Quando se diz que nos Estados Unidos as melhores histórias migraram do cinema para a televisão (vide Lost, 24 Horas, CSI, Família Soprano, Seinfeld) não se pode deixar de concordar. Ainda mais quando se assiste a falta de idéias que invade as telas mundiais em forma de franquias intermináveis: Homem-Aranha, Shrek, Piratas do Caribe, Pânico, X-Men, Missão Impossível. Todos, com maior ou menor qualidade, em sua terceira fase em busca dos nossos níqueis perdidos.

O cinema nacional, notório pela sua falta de boas histórias, ou pelo menos, de histórias bem contadas, é obrigado de quando em vez a dar a mão ao palmtop dos diretores e roteiristas da TV. É só lembrar que Eu, Tu, Eles, Cidade de Deus, Lavoura Arcaica, Lisbela e o Prisioneiro, Dois Filhos de Francisco e O Homem que Copiava estão entre as melhores histórias contadas nos últimos anos. Ok, não precisa me lembrar que Olga, Se eu fosse você, Redentor, Muito gelo e dois dedos d'água e outras mediocridades também foram produzidas por gente que trabalha na Globo (ou nos seus comerciais).
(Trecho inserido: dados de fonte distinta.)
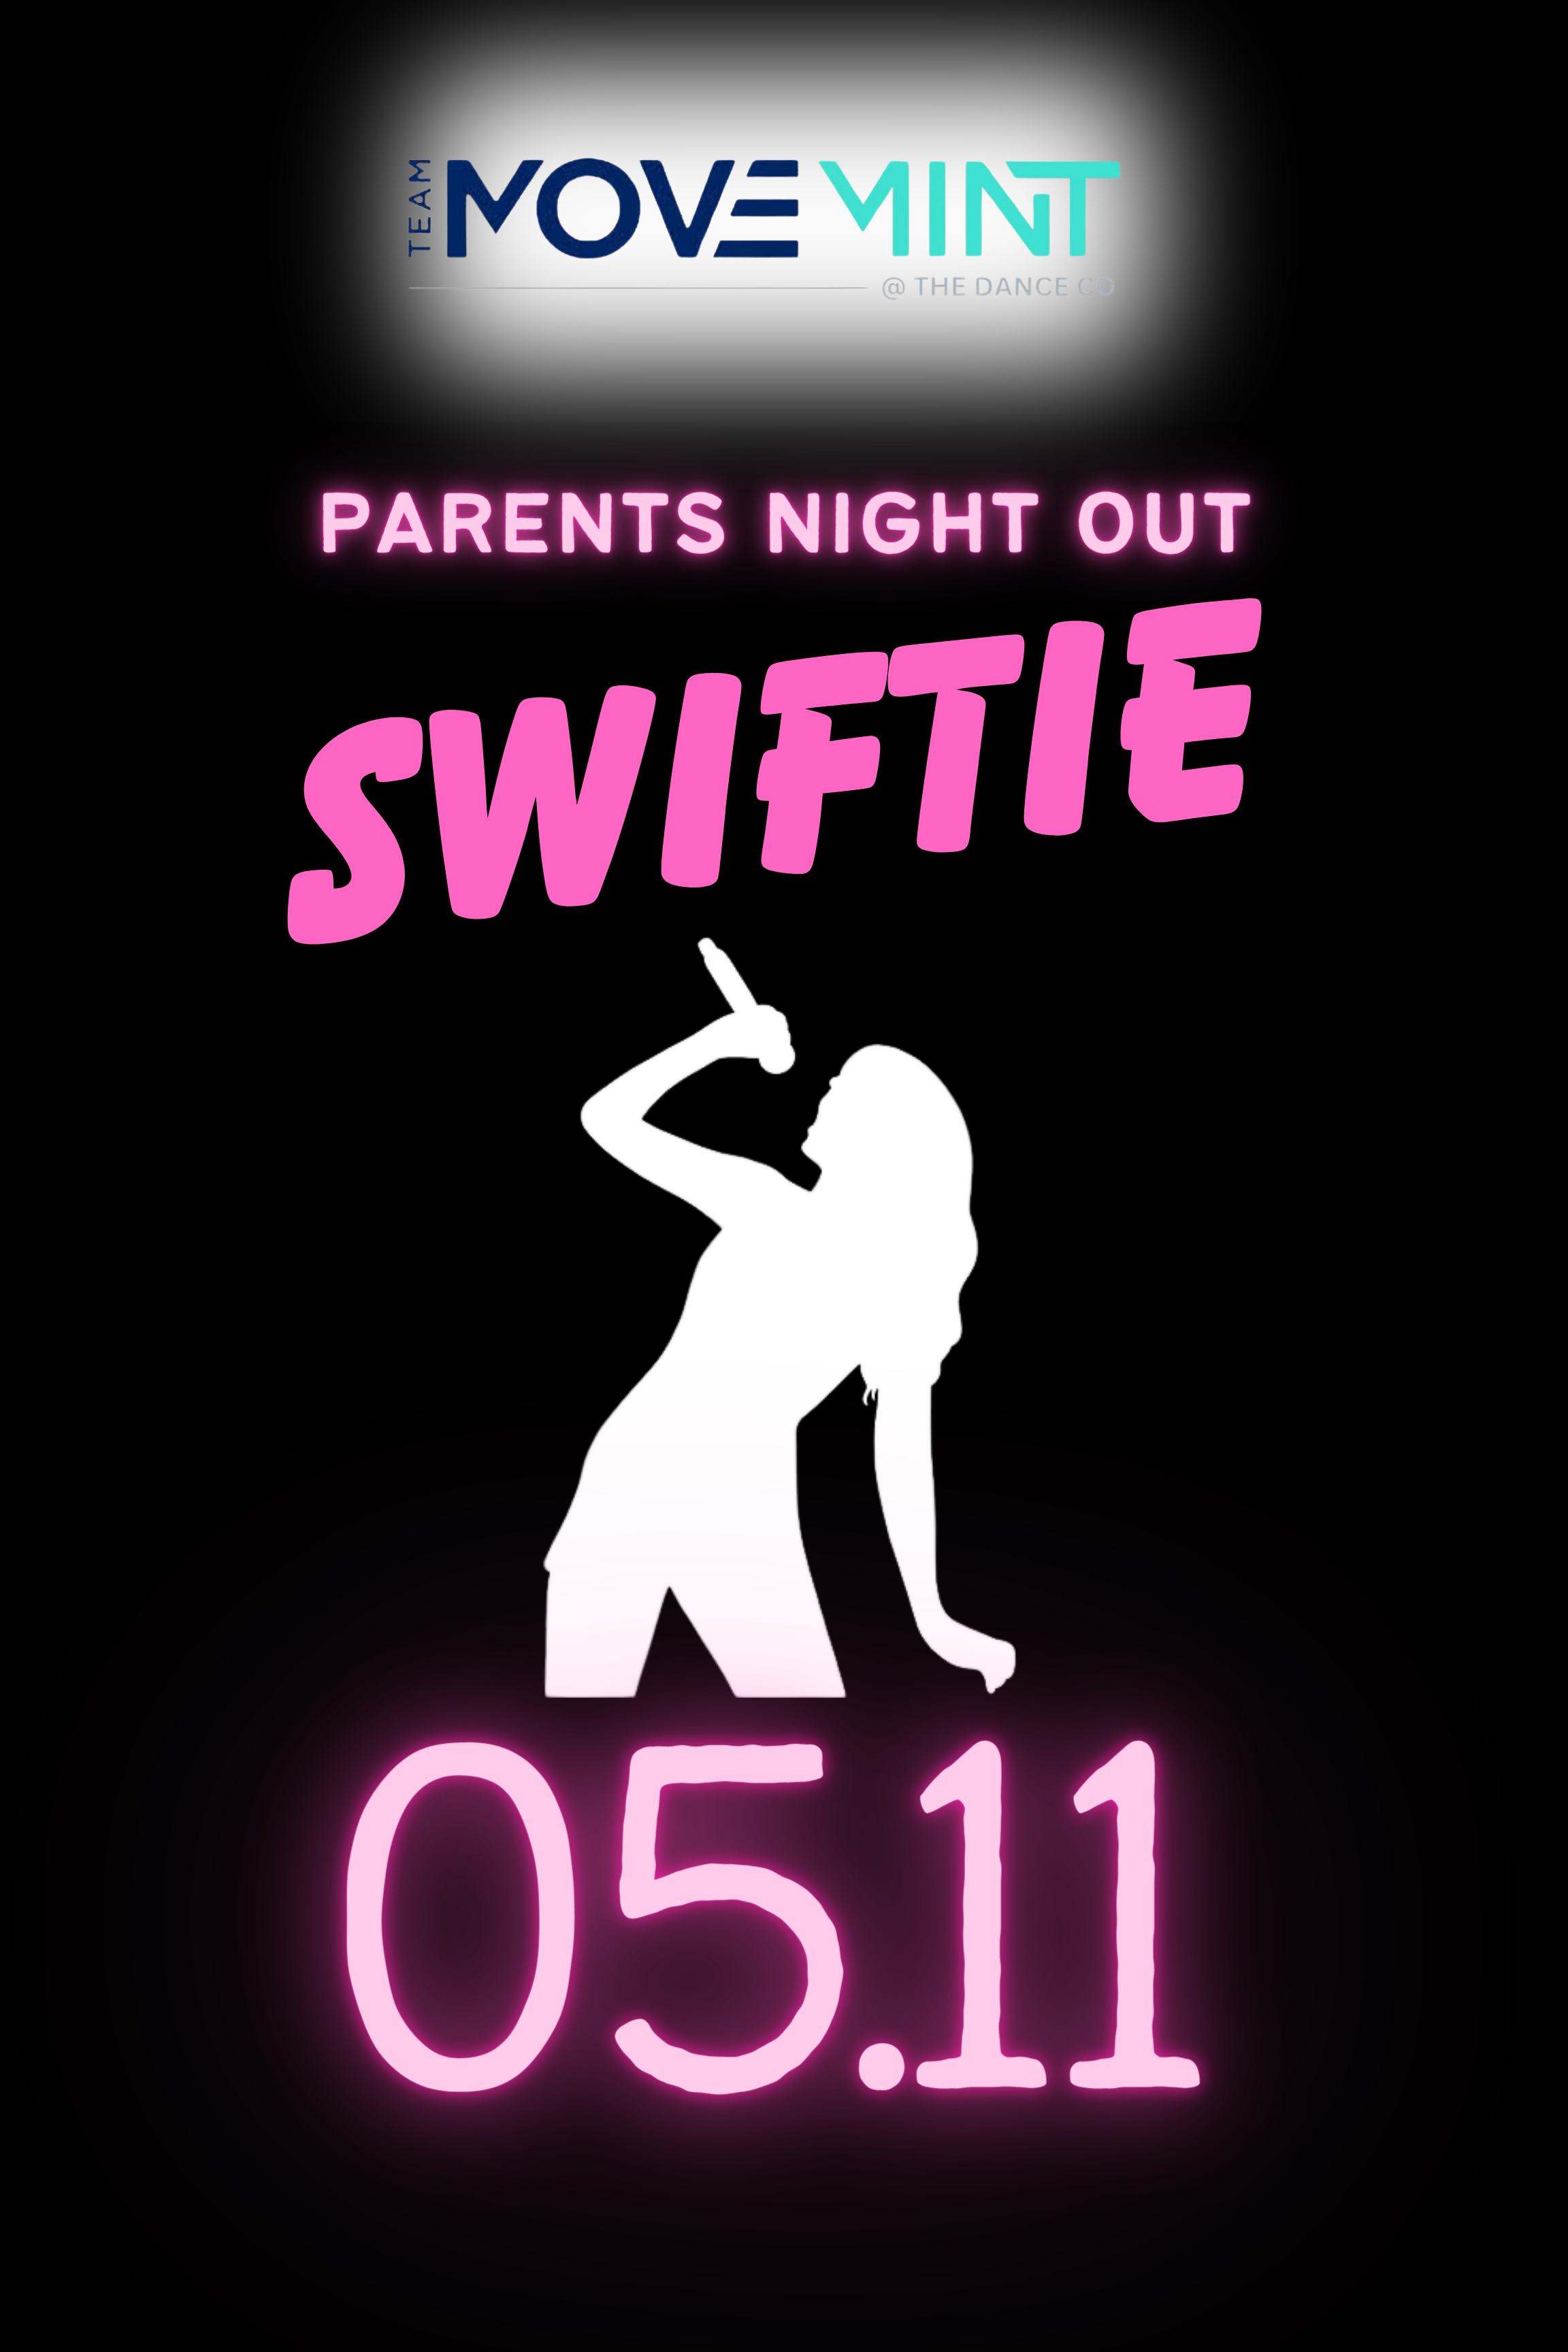 Parents Night Out: Swiftie
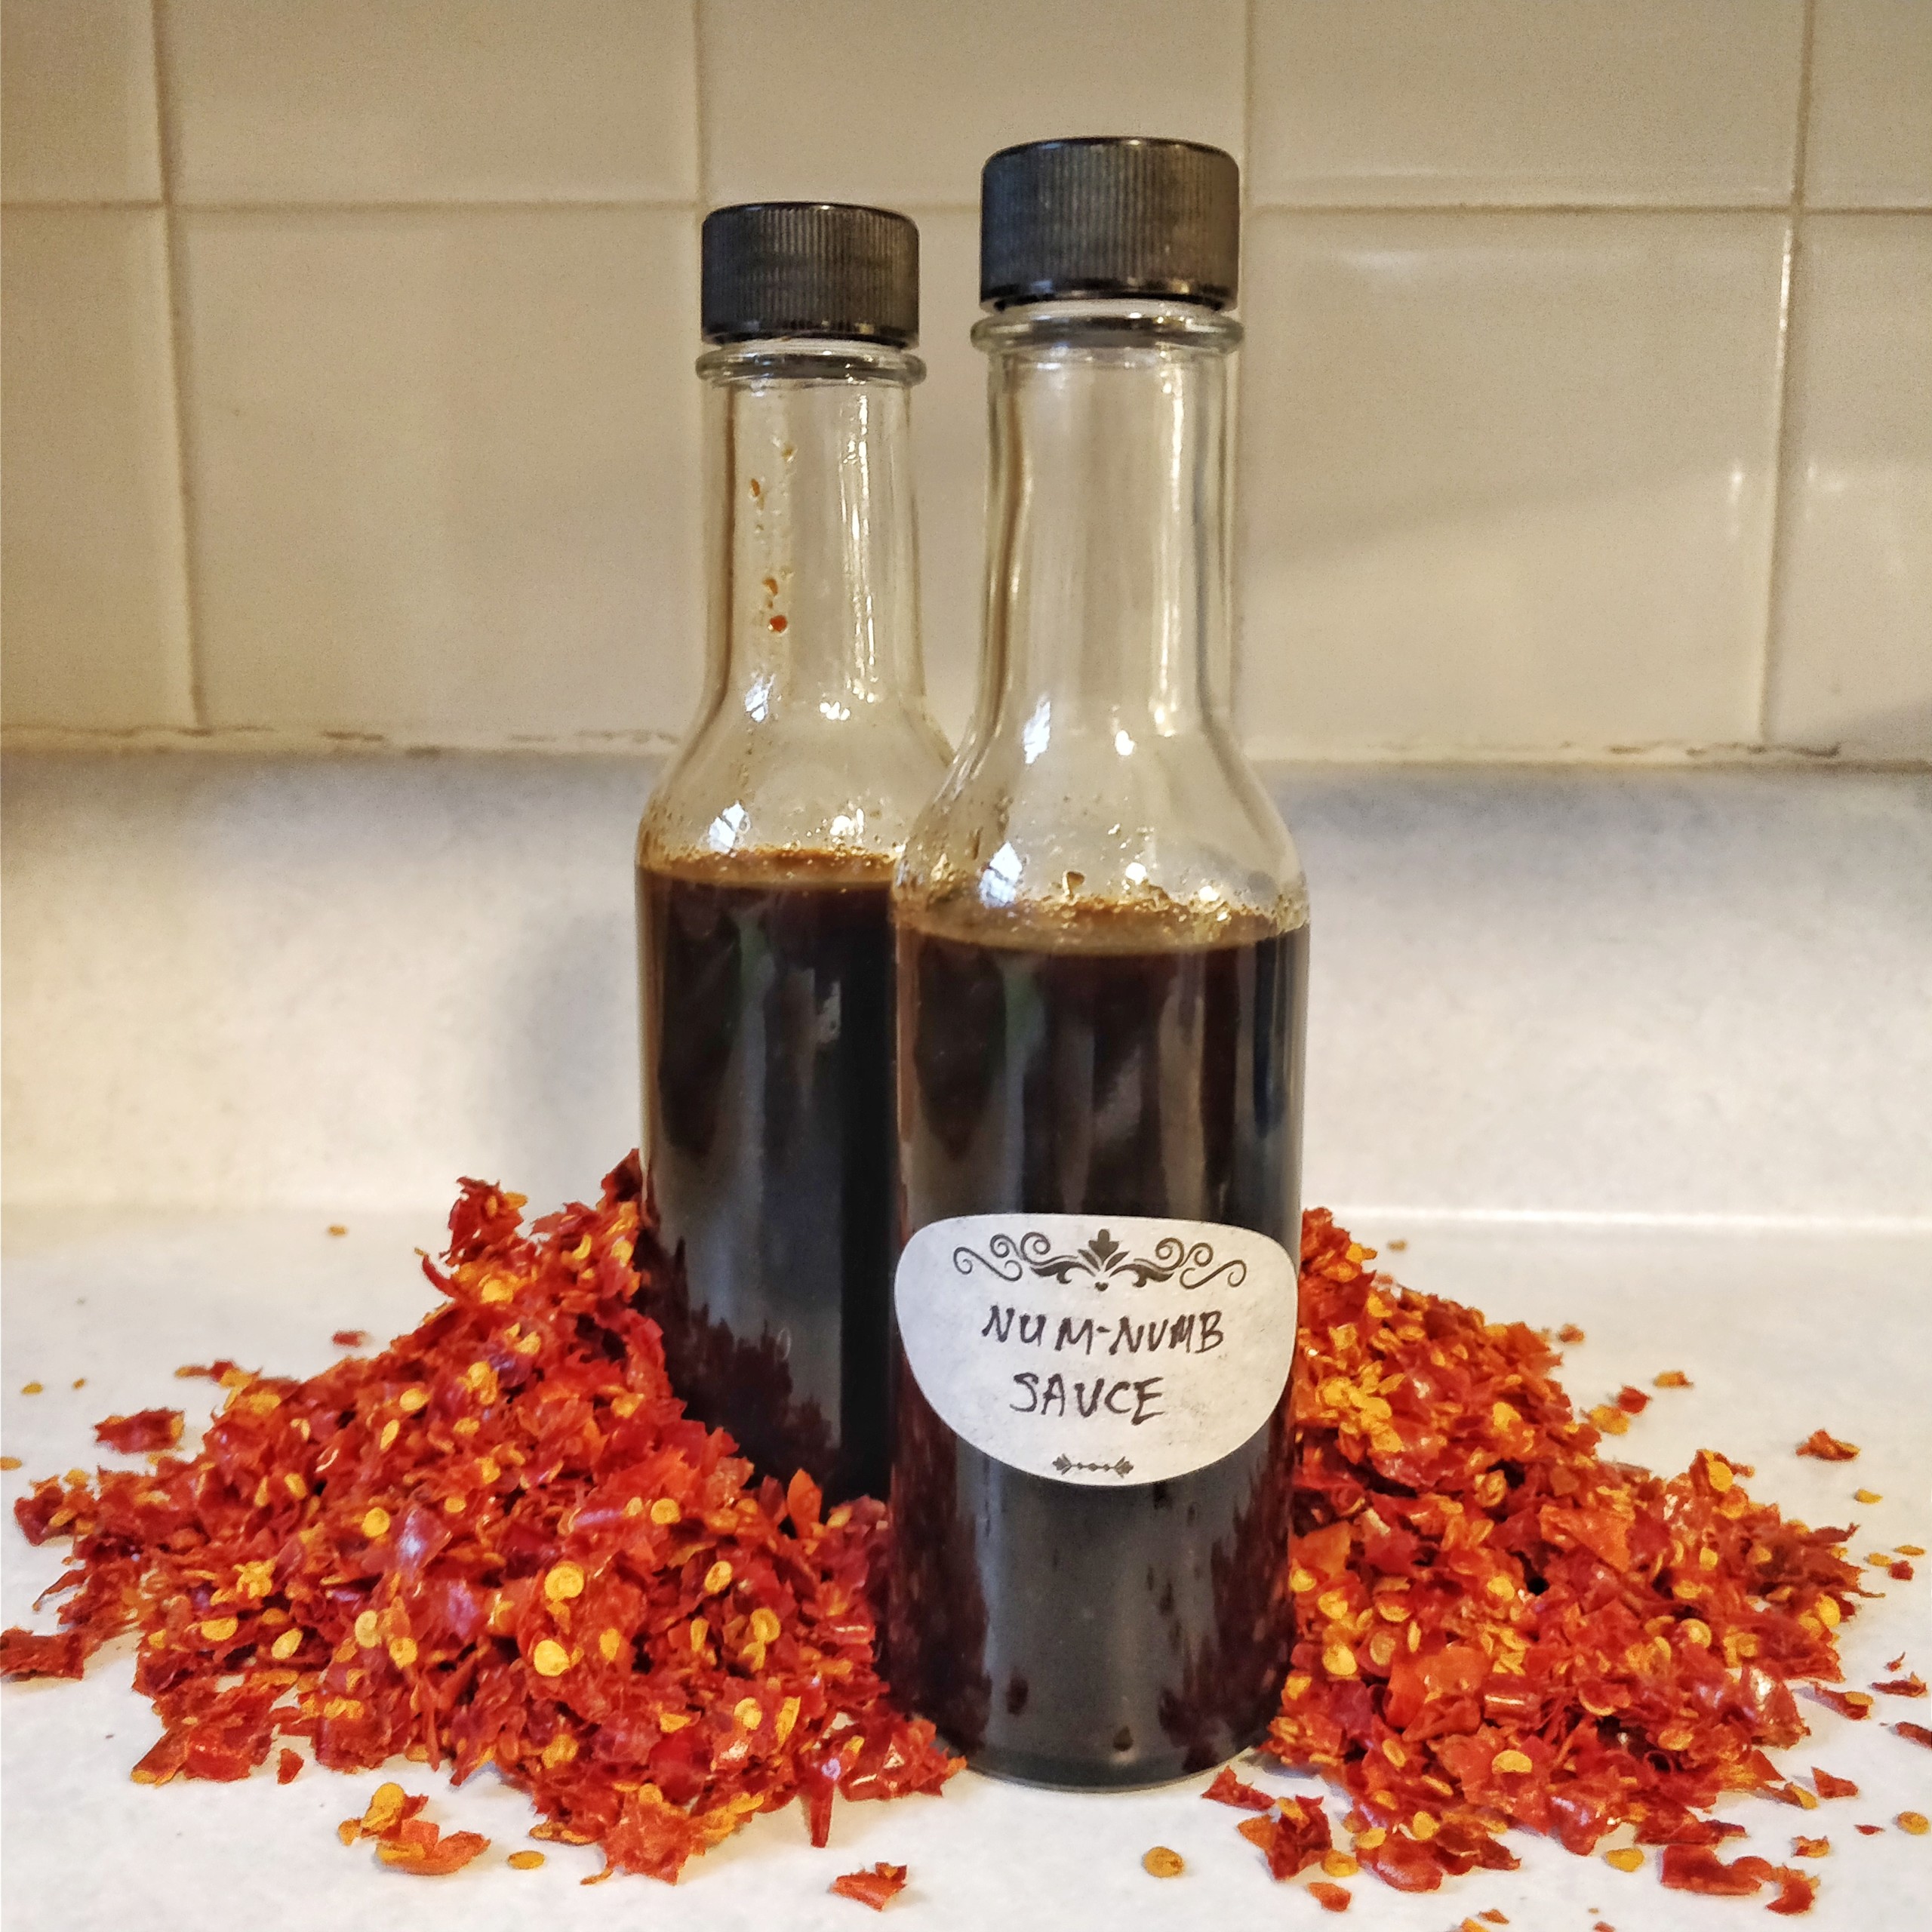 Two bottles of Num-Numb Sauce enveloped in a pile of chili flakes.

Não raro as produções feitas especialmente para TV também acertam. Foi o caso de O auto da compadecida, de Hoje é dia de Maria e, desta vez, da maravilha que é A Pedra do Reino.

Luiz Fernando Carvalho transpõe a linguagem "armorial" de Ariano Suassuna para a telinha (ou telona de 42', se for seu caso). Um Brasil encantado salta aos nossos olhos. Pululam referências à arte do cordel, ao imaginário ibérico, ao universo sertanejo. Nessa história de apuro visual corajoso, em se tratando do horário noturno televisivo, acompanhamos a trajetória de Quaderna, um personagem que sonha em instalar seu nome na perenidade literária.

É uma obra que, assim como o original de Suassuna, possui um outro tempo. E o tempo de Luiz Fernando Carvalho não se escraviza aos cortes, à edição fugaz. Antes, toma o tempo na mão. Doma o tempo. E o tempo passa em seu favor. Veloz ou com vagar.

A linguagem falada do nordestino, enfim, escapa do padrão novela das oito. Através da linguagem verbal e imagética, um outro nordeste se descortina diante de nós. Um nordeste escamoteado do Brasil. Atores, cenógrafos, figurinistas, boa parte da trupe é dessa região que, não bastasse a submissão ao coronelismo do gado superfaturado e das concessões de TV espúrias, ainda se vê retratada no domínio do estereótipo e da inferioridade cultural.

O figurino costurado pela gente de Taperoá, a cidade que serviu de locação às filmagens; a concepção visual; a voz e o gestual de Irandhir Santos (o Quaderna); a trilha sonora de Marco Antônio Guimarães, do grupo Uakti. Por isso tudo e mais algumas coisas que você mesmo vai identificar, a microssérie A Pedra do Reino é um espetáculo imperdível.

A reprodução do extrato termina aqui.